Do I need to transfer my CertAbility mobile app data to the web app?

No. Your data is already there.

How do I register a new account?
  1. Email with your full name to be added to our approved users list.
  2. Wait two business days, then register your account and log in (the approval process takes about one business day).

Administrative staff don’t need the Board’s approval to register an 'other'-type account.

How do I use CertAbility?

Download the CertAbility user guide.

Note: IT support for the 'mobile-only' CertAbility app is being scaled back to support the new web-based app.

Can I use CertAbility on a desktop PC, mobile, laptop and tablet?

Yes. Use any computer or mobile device to access CertAbility.

How can an accredited body corporate (company) use CertAbility?

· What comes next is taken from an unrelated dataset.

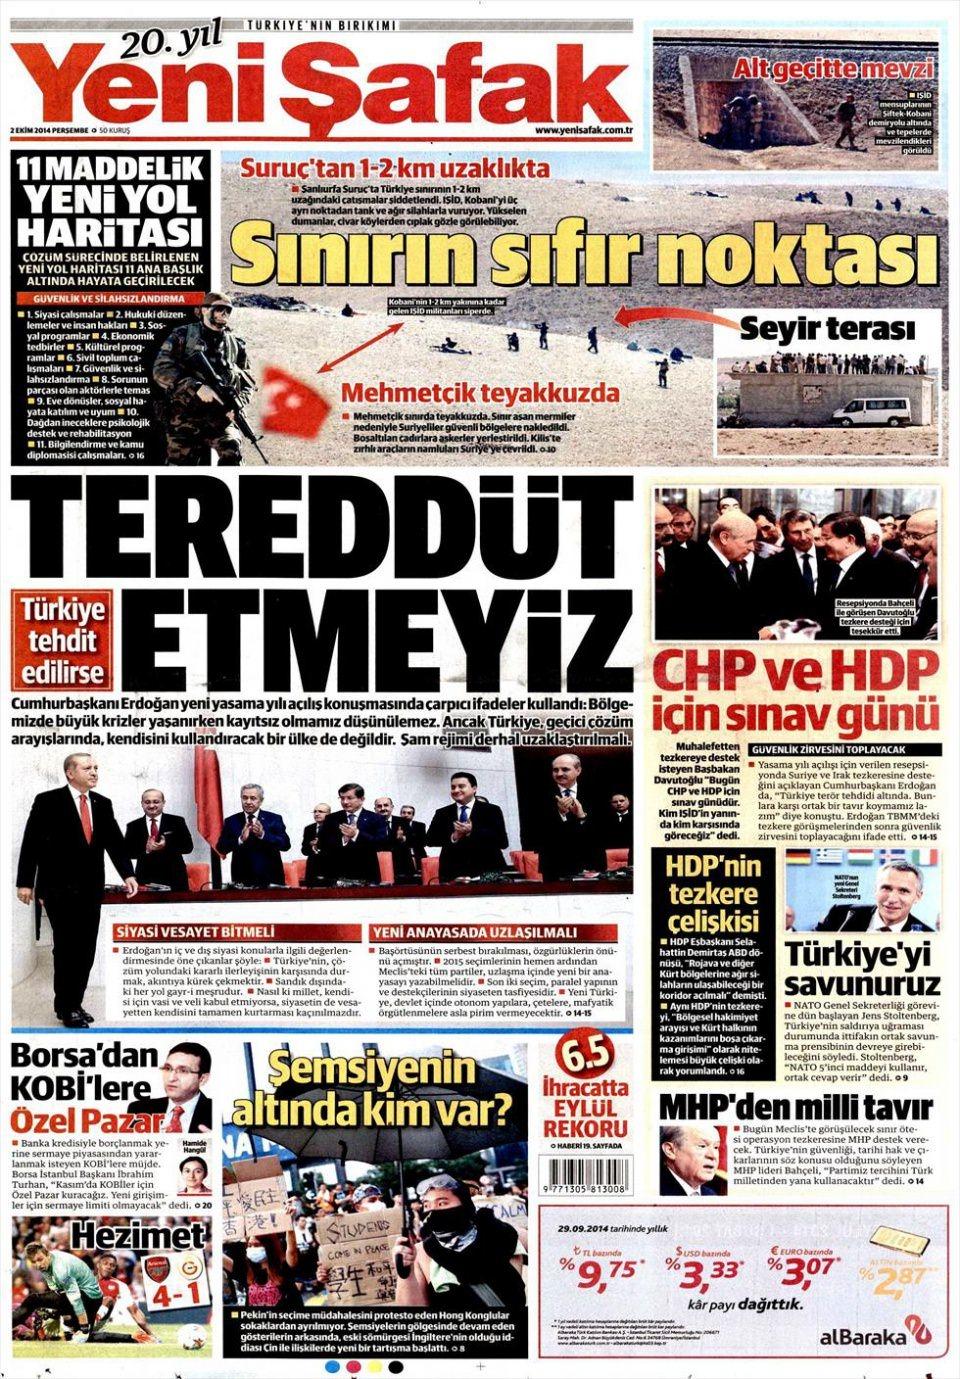 2 Ekim 2014 gazete manşetleri 25

The accredited company will have its own CertAbility account. Use the company account for projects where the company is the PCA.

A1-A3 certifiers who work for the company may also have their own account to use if they are individually appointed as PCA.

Questions for councils

Do the certification data reporting requirements replace the need to report to other agencies?

Not at present. In time, the Government intends to streamline council reporting requirements, to reduce red tape and improve building safety and compliance.

Do councils have to report certificates lodged with the council by a private certifier PCA?

No. As PCA, the certifier is responsible for reporting it.

Are building information certificates reported on?

No, building information certificates issued by a council do not need to be reported.